The defenders of DWNominate or Google Translate will point out that, in a lot of data applications, they are pretty good. But that is itself an interesting question. One can’t expect any algorithm that disdains the truth, quite literally in these cases, to be 100% accurate. That they are good at making appropriate predictions in many applications begs the question: when aren’t they good at predictions? Is DWNominate good at distinguishing liberal and conservative Republicans? (it isn’t, by the way: one remarkable change in the recent years is that, if WNominate (DWNominate is a bit more demanding to sic on data quickly) is applied to just subsets of Republicans–and Democrats–rather than the full House, the ordering that it returns is quite different from that you obtain by siccing it on the full House, and the difference has been growing since 1990s. If there is such a thing as “liberalism” and “conservatism” that transcends parties, the orderings ought to be nearly identical.) Is Google Translate good at translating love letter and subtle literature? (Apparently, it is not, and there is no good reason to expect that it would be given its nature.)

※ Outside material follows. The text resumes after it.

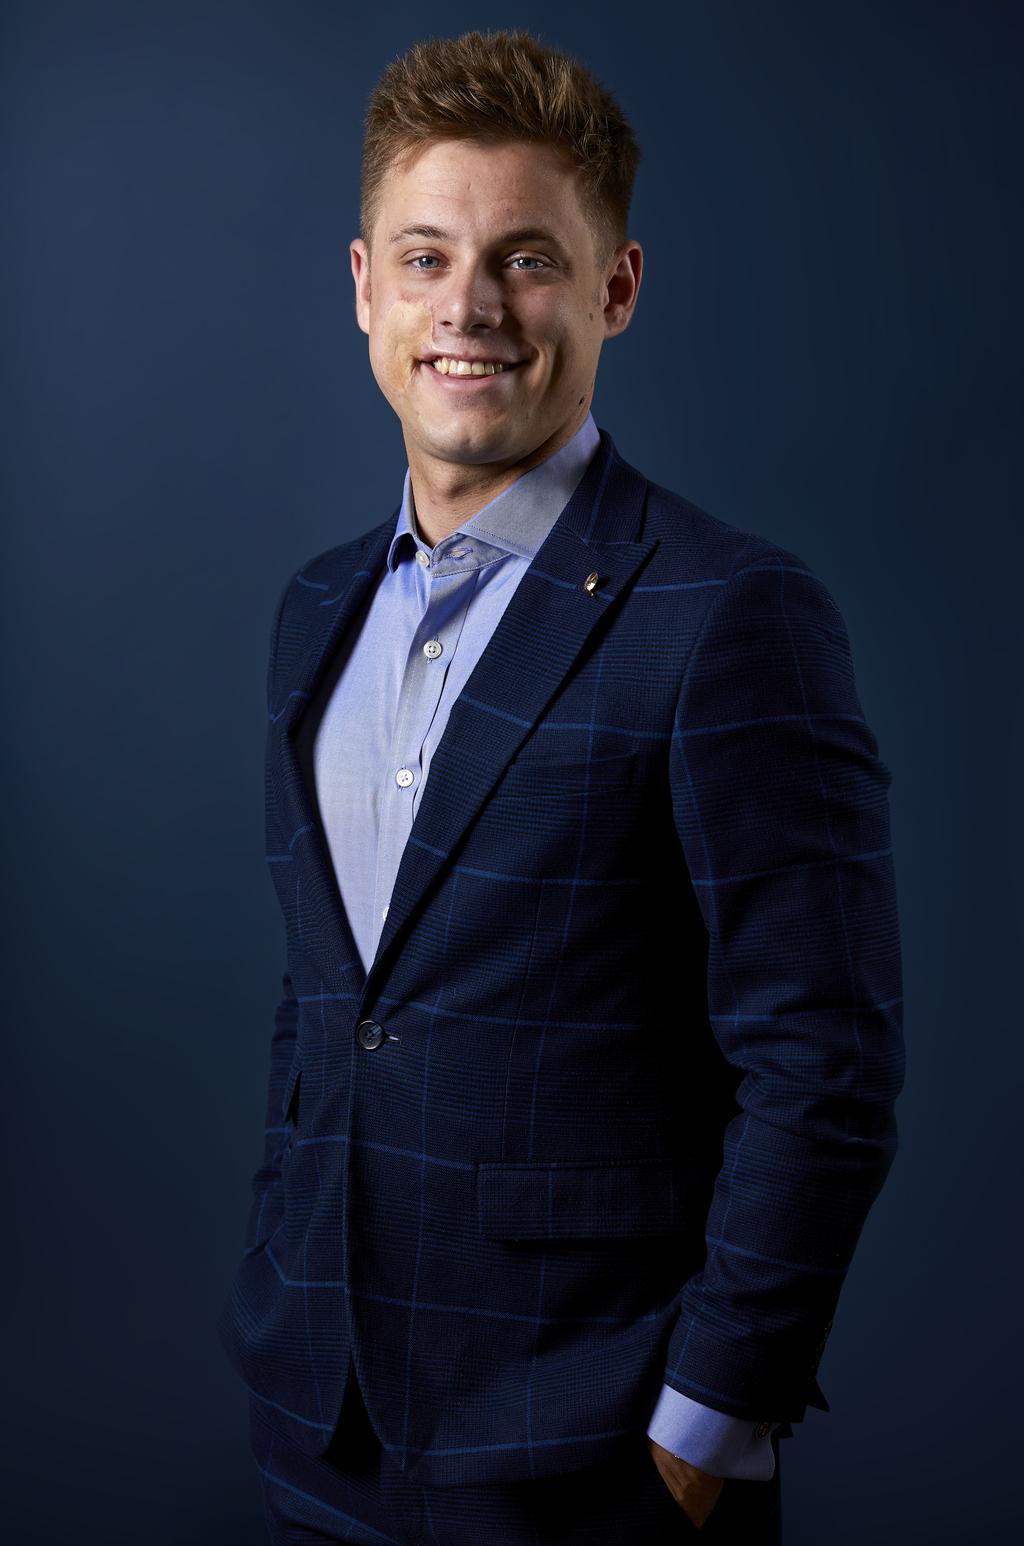 Tomáš Kubart
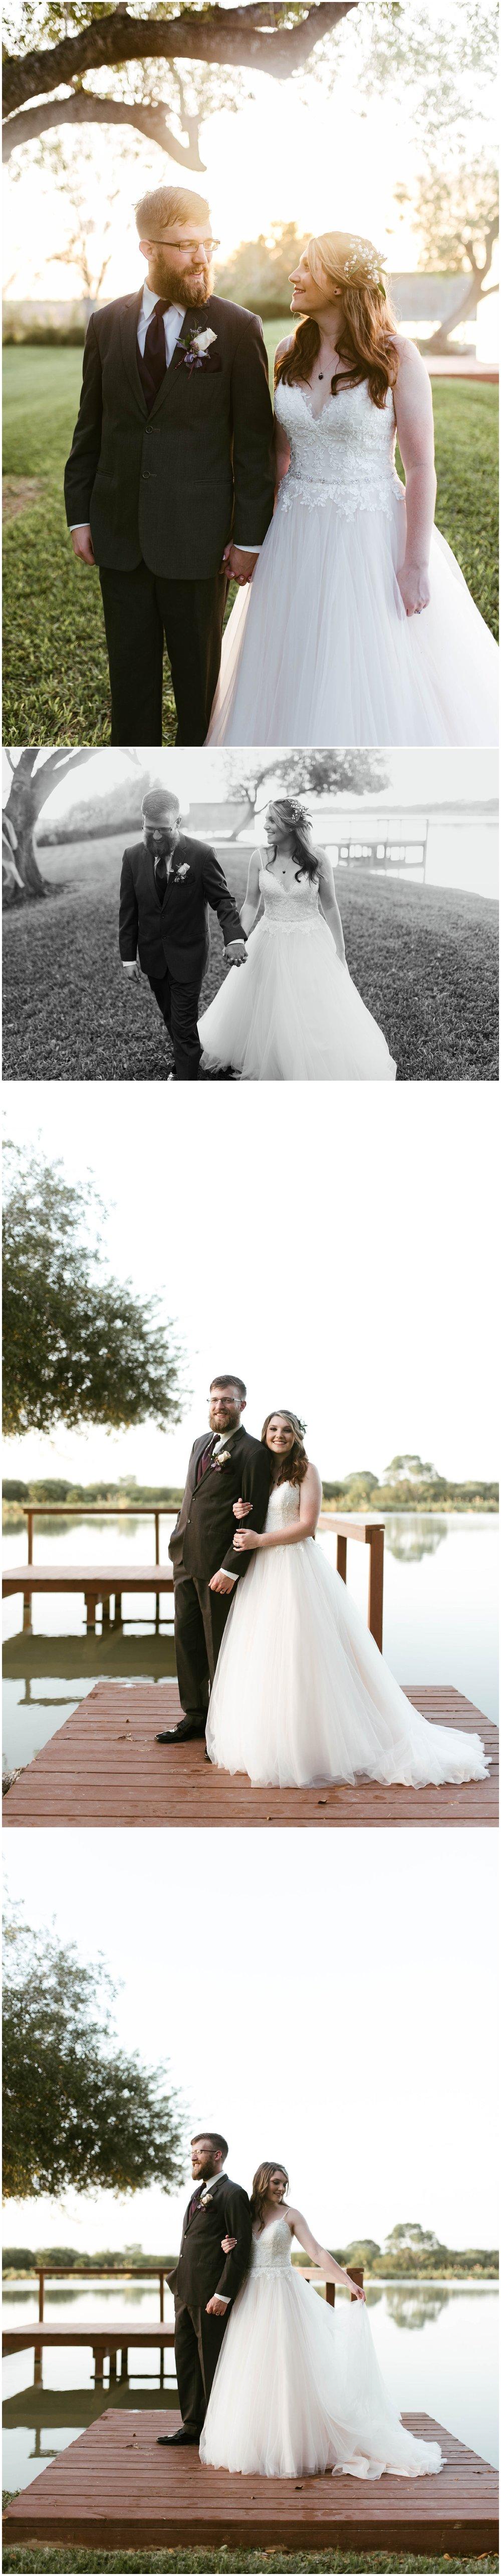 San Benito, Texas Wedding | Houston Natural Light Photographer | Houston Wedding Photographer | www.jordanmitchellphotography.com

The problem is that peddling statistics involves subtle lies that latch on to people’s usual inability to make proper sense of statistics and probability. In the height example, for example, more and more data, better and better algorithm will indeed show with greater conviction than the average person of the first population really, really, really, truly IS taller than the average person of the second population. But we never deal with the average persons, and for that, we need a different framework. The same logic applies to making sense of politics: in a typical election, we get more or less “average” voters. Their variance is relatively small. We can develop algorithms that show how much taller or shorter different groups are that are reasonably insightful. Not so in “strange” elections, when high variance voters show up. Our usual categories might still work on average, but you will still get the person from the allegedly shorter population being taller than a person from the allegedly taller population far more often than you’d expect. The algorithm (and the data it analyzes) isn’t wrong. It is just answering the wrong questions. The trouble with the obsession with meaningless jargon is that it obscures what questions are being asked and what these techniques are really “measuring.” For that, you need real “science” and an understanding thereof.